Une première piste concerne l'adaptation du droit de la concurrence aux enjeux de la compétitivité internationale. Le règlement (UE) 2022/2560 du Parlement européen et du Conseil du 14 décembre 2022 relatif aux subventions étrangères faussant le marché intérieur constitue une avancée significative. Il permet de contrôler l'impact des subventions accordées par des États tiers aux entreprises opérant dans l'Union européenne. La France pourrait œuvrer au renforcement de ces dispositifs, notamment en plaidant pour une interprétation extensive de la notion de "subvention" incluant les avantages indirects liés aux distorsions réglementaires.

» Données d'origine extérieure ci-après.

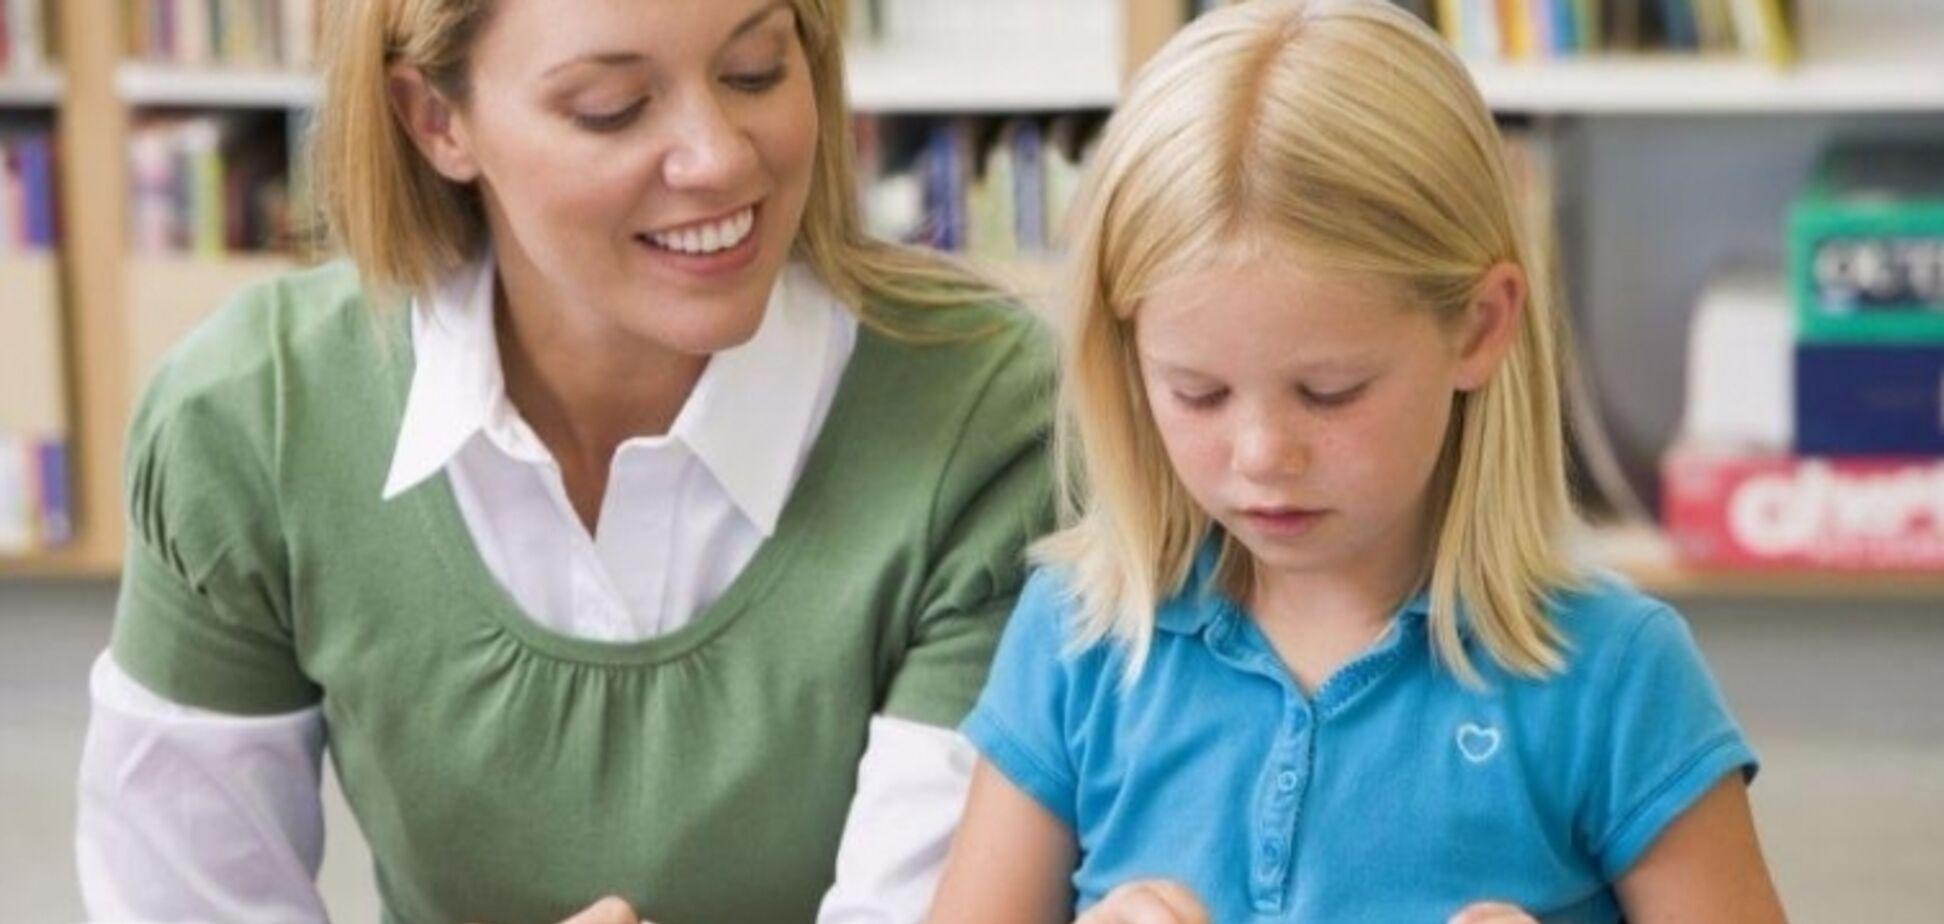 Для аттестата школа больше не нужна: индивидуальное обучение и что с ним делать?
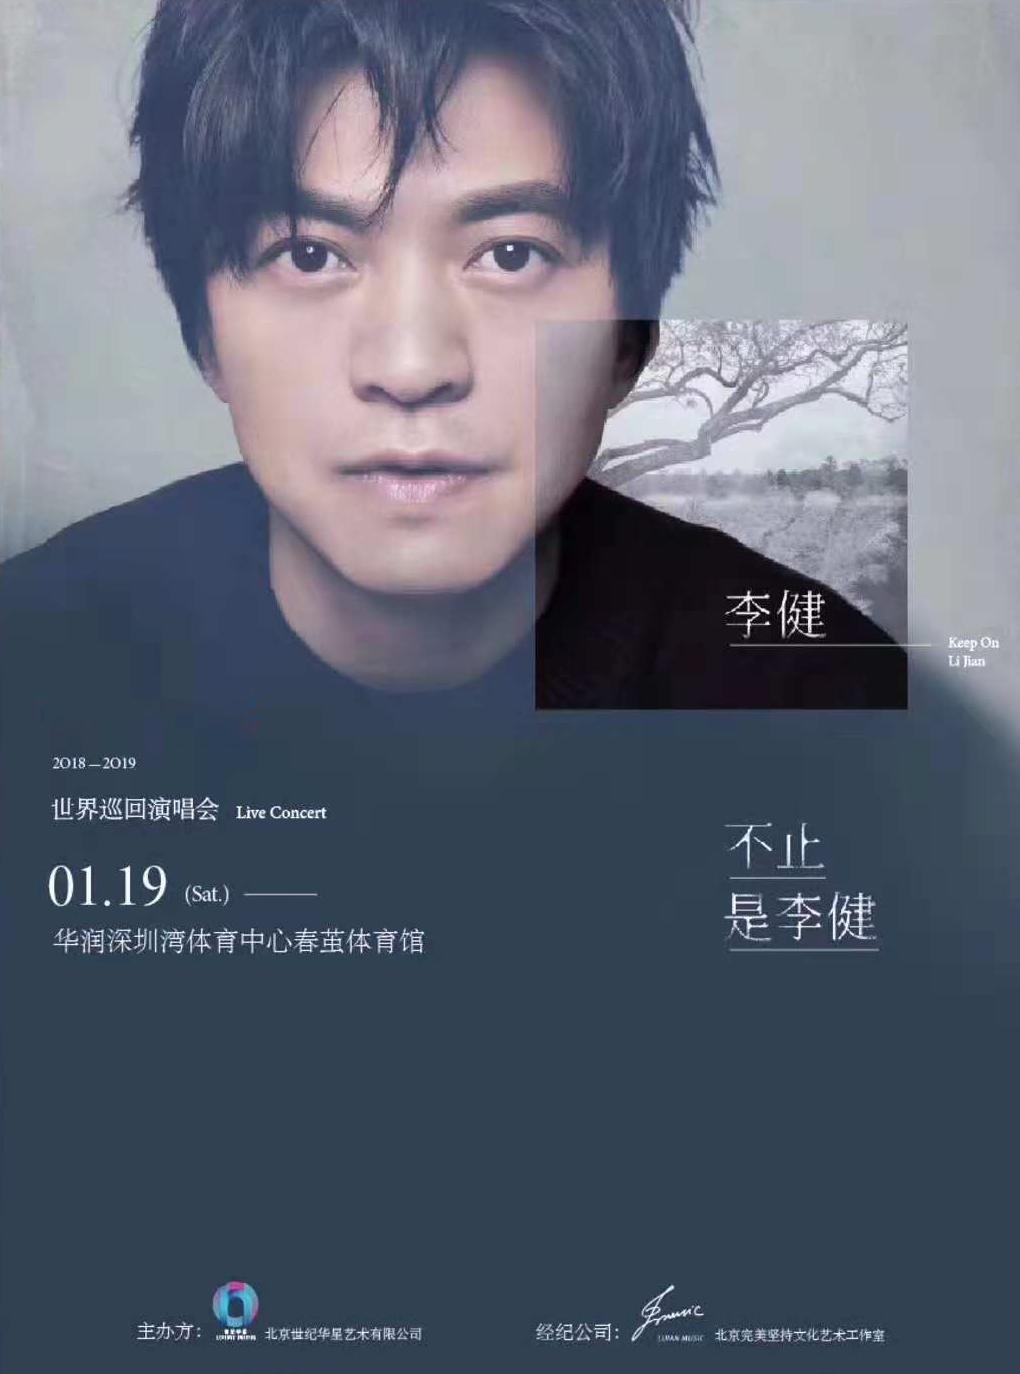 李健深圳演唱会

Une deuxième évolution pourrait concerner le droit de la propriété intellectuelle. Le rapport d'information n° 4487 de l'Assemblée nationale sur "Les brevets : un outil de souveraineté face aux crises", déposé le 22 septembre 2021, préconise "une modernisation du droit français des brevets pour le rendre plus attractif face aux systèmes concurrents" (p. 115). La création d'un certificat d'utilité à durée ajustable, évoquée dans ce rapport, permettrait de mieux protéger les innovations incrémentales, particulièrement importantes dans le domaine du numérique.
Sur le plan du droit des investissements, un renforcement des mécanismes de filtrage pourrait s'avérer nécessaire. Le Conseil d'État, dans son avis n° 405797 du 8 mars 2022 (publié au Journal officiel du 26 mars 2022) sur un projet de décret modifiant le contrôle des investissements étrangers, a estimé compatible avec les engagements internationaux de la France "l'extension modérée du champ de contrôle à de nouvelles technologies critiques, dès lors que cette extension est justifiée par des motifs de sécurité nationale".

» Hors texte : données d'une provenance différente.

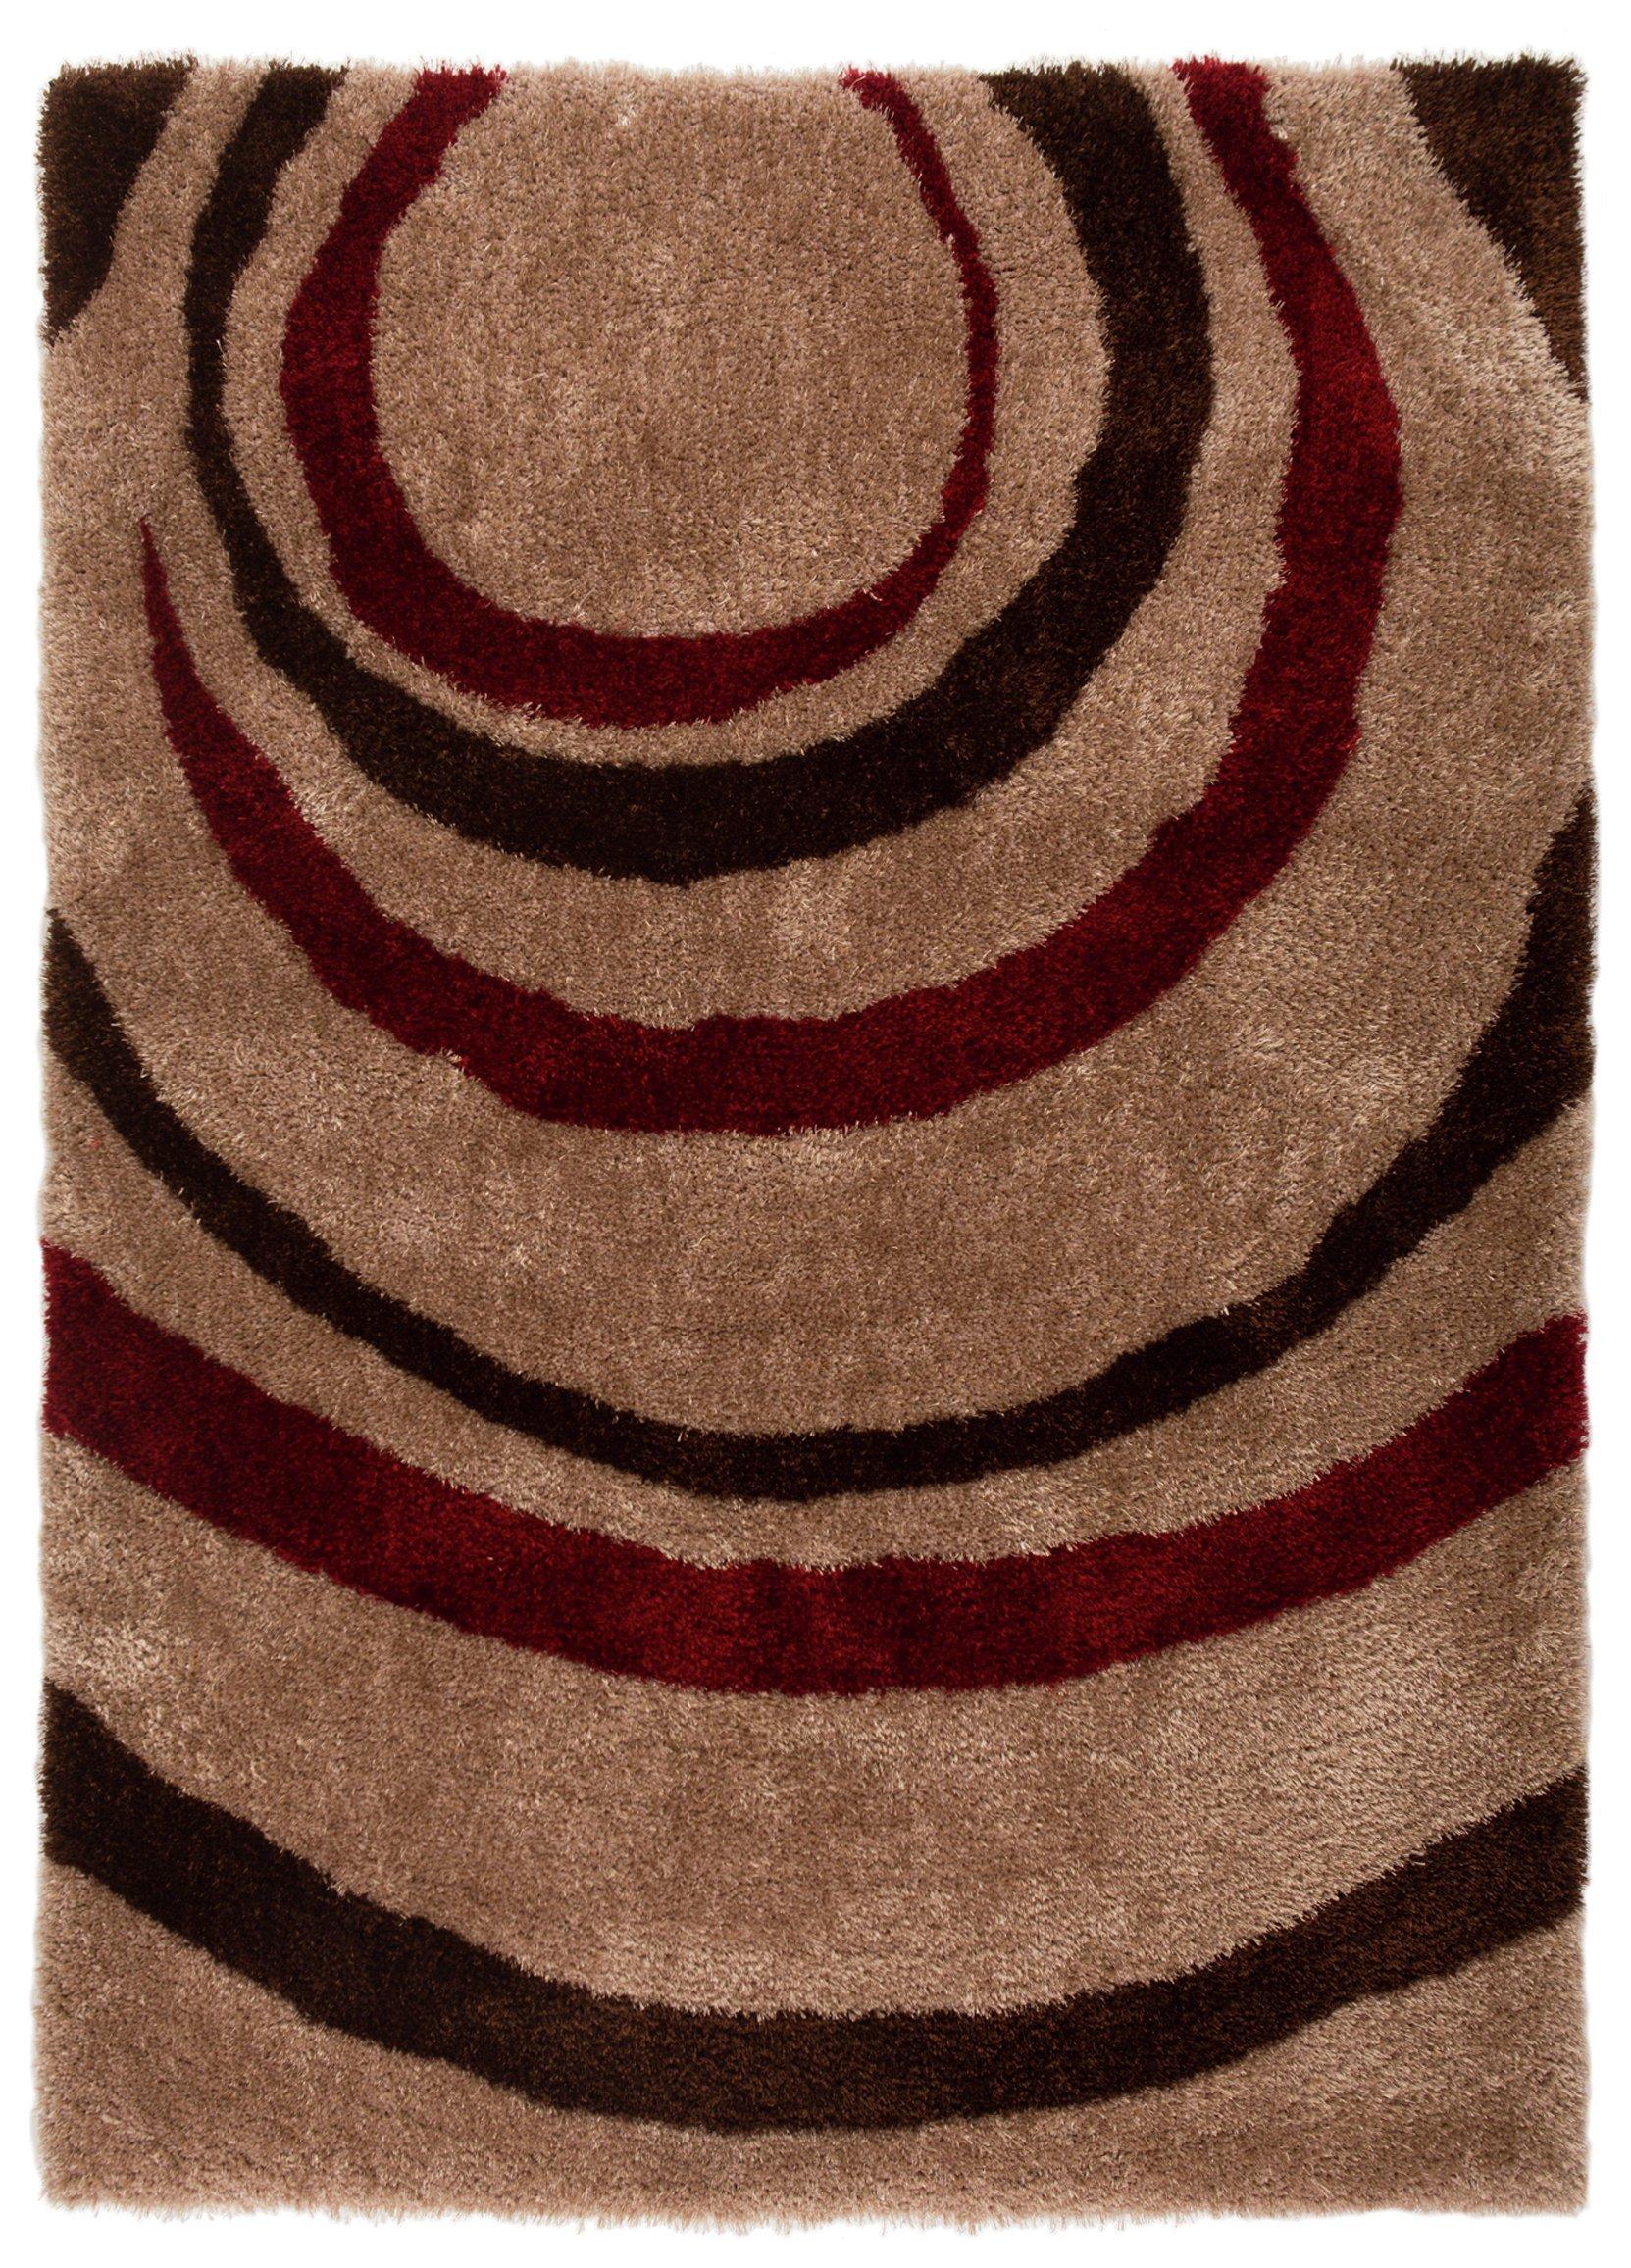 equator rug 160x230cm red. Black Bedroom Furniture Sets. Home Design Ideas

En matière de droit financier, la mobilisation de l'épargne privée vers l'innovation, identifiée comme prioritaire par le CNP, pourrait bénéficier d'évolutions juridiques significatives. La loi n° 2019-486 du 22 mai 2019 (PACTE) a déjà introduit des dispositions favorisant l'investissement dans les entreprises innovantes, notamment via la réforme du Plan d'épargne en actions (PEA). Ce mouvement pourrait être approfondi par une réforme du cadre prudentiel applicable aux investisseurs institutionnels, dans le respect des directives européennes Solvabilité II et IORP II.

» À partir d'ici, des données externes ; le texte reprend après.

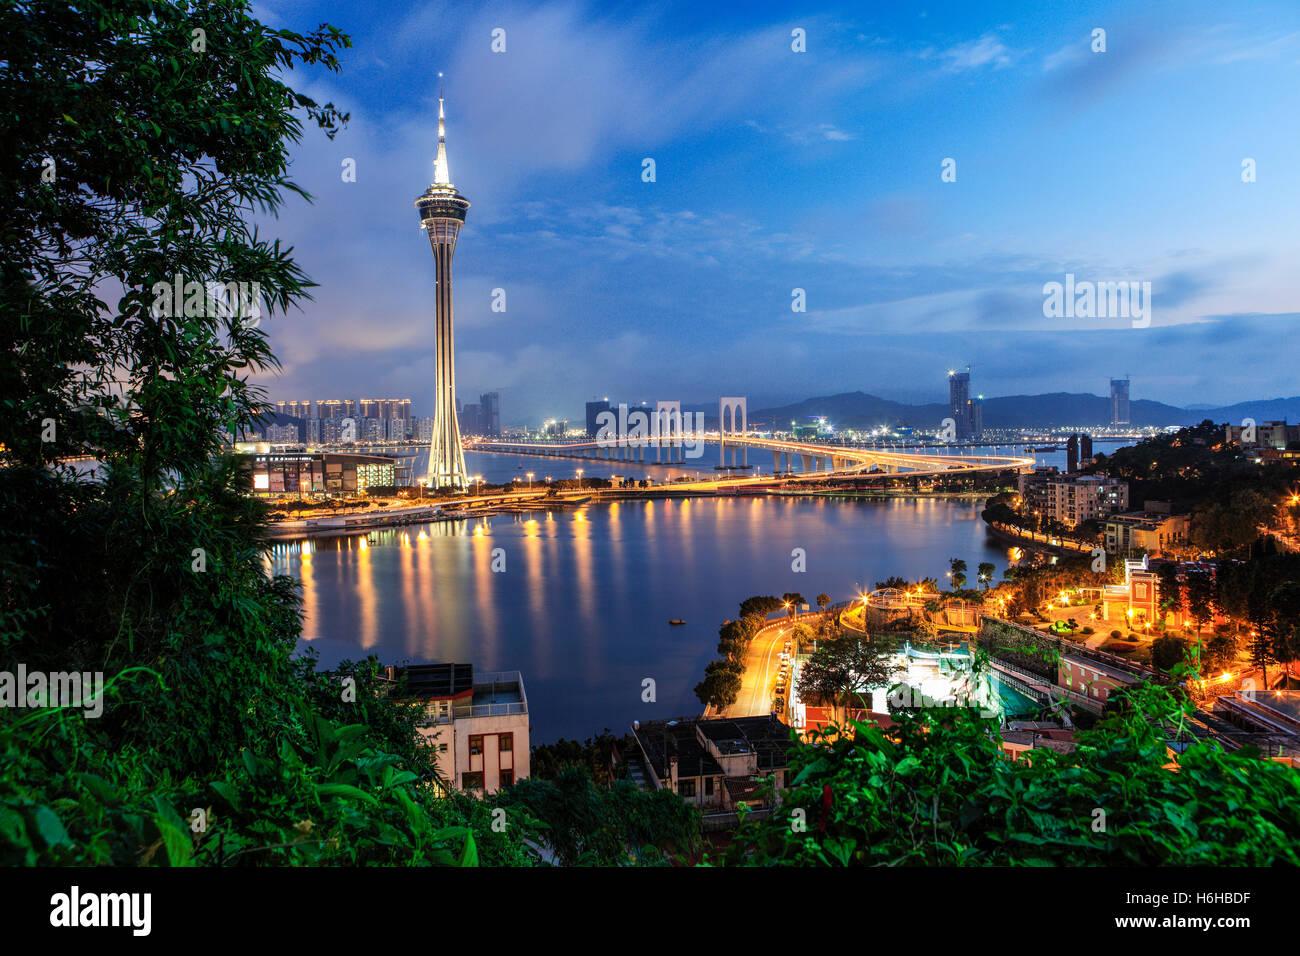 La Torre di Macau con la vista dell'ISC Van Bridge durante il crepuscolo. Immagini Stock

Enfin, au niveau européen, l'adoption du règlement (UE) 2023/1114 du Parlement européen et du Conseil du 31 mai 2023 établissant un cadre pour l'accélération du déploiement des énergies renouvelables marque une étape importante dans la simplification des procédures administratives pour les projets stratégiques. Cette approche pourrait être étendue à d'autres secteurs innovants, comme le recommande le rapport Draghi sur l'avenir de la compétitivité européenne.
L'amélioration de la compétitivité française mise en évidence par le Conseil national de productivité ouvre des perspectives économiques encourageantes dans un contexte international incertain. Toutefois, la transformation de cette dynamique positive en avantage structurel durable nécessite une adaptation profonde du cadre juridique français et européen.
Comme le souligne Jean-Bernard Auby, "le droit économique moderne est confronté au défi de concilier l'impératif d'ouverture aux échanges internationaux et la protection nécessaire des intérêts stratégiques nationaux, dans un équilibre qui doit être constamment réajusté" (Droit de la mondialisation, Montchrestien, 2e édition, 2021, p. 157).
Les "choix politiques forts" appelés de ses vœux par le CNP pour soutenir l'innovation devront nécessairement se traduire par des évolutions juridiques substantielles. C'est à cette condition que la France pourra pleinement capitaliser sur l'amélioration récente de sa compétitivité pour s'imposer durablement dans la compétition économique internationale, face à des concurrents déterminés à défendre leurs intérêts nationaux, quitte à s'affranchir parfois des règles du multilatéralisme commercial.